O melhor teatro e a melhor televisão foram dele. Com Provisional Figures: Great Yarmouth, Marco Martins continuou a interceptar a violência da crise nos corpos, trazendo para o palco a síntese de dois anos de trabalho em Inglaterra junto de um “matadouro” da dignidade, um colosso da indústria alimentar do Reino Unido movido a mão-de-obra barata importada da periferia da União Europeia. Isto, que foi o espectáculo de 2018 para o Ípsilon, vai dar, em 2019, um filme — tendo em conta as derivas do encenador/realizador, será proposta de elevação do real pela ficção.
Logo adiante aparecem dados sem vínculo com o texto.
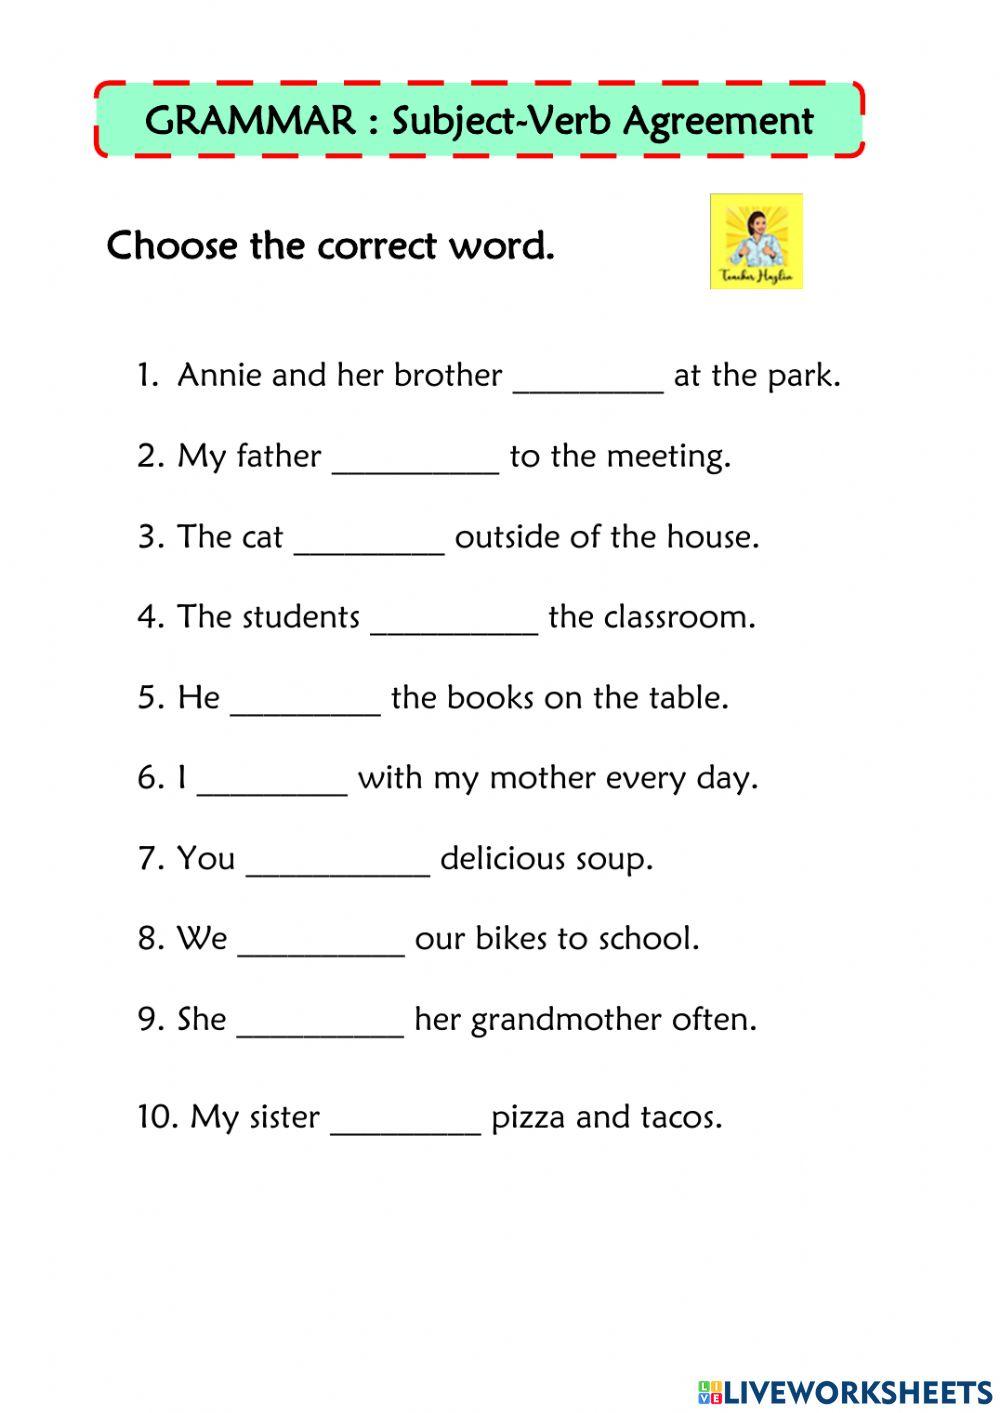 Subject verb agreement

Como é que um homem que faz publicidade, que lida com o conforto da abundância audiovisual, é capaz de empatia com a precaridade?

E como é que um tipo que não aprecia televisão faz Sara, o retrato caleidoscópico de uma actriz em crise de lágrimas que durante oito semanas foi o acontecimento lúdico, adulto e inteligente da televisão portuguesa? Talvez seja por Marco Martins não gostar de TV que Sara — coisa nada cínica; foi evidente o espectáculo de sintonia de toda uma equipa — é uma fogueira onde, no território do audiovisual, se queimam fragmentos de Velvet Underground ou Pasolini, Beyoncé, Led Zeppelin ou Strindberg e Sarah Kane. Uma orgia do fim dos tempos.

Cinema, teatro, publicidade — e agora televisão. Há uma narrativa?
Isso é difícil para as pessoas à minha volta. A minha agenda é compartimentada:  “Não pode ser hoje, tem de ser amanhã.” “Amanhã já não posso... estou a fazer outra coisa.” A publicidade são projectos contidos no tempo — entre a preparação, a rodagem e o filme ir para o ar passa um mês e tudo é feito com uma equipa que trabalha comigo há anos. É um trabalho partilhado, funciono como chefe de orquestra. Há muitos recursos disponíveis e essa abundância, que não existe nem no teatro nem no cinema, é a graça da publicidade. Gosto da ideia de resolver um problema de alguém: uma campanha corresponde à vontade de uma marca, trata-se de vender um desejo, uma ideia, um conceito. Existe uma relação de confiança que permite uma liberdade bastante grande.

Quando passa da abundância da publicidade para o confronto com vidas precárias, como aconteceu com o projecto Provisional Figures: Great Yarmouth [peça com um grupo de imigrantes portugueses no coração da indústria de transformação alimentar britânica], há um curto-circuito?
A palavra “material” pode parecer desajustada, mas de facto é trabalhar com um material com características diferentes — na resistência, no tempo que se demora a trabalhá-lo. Great Yarmouth, pela sua longevidade, é um projecto de grande violência emocional. Mas não posso dizer: a publicidade é um intervalo. Não, é um compartimento.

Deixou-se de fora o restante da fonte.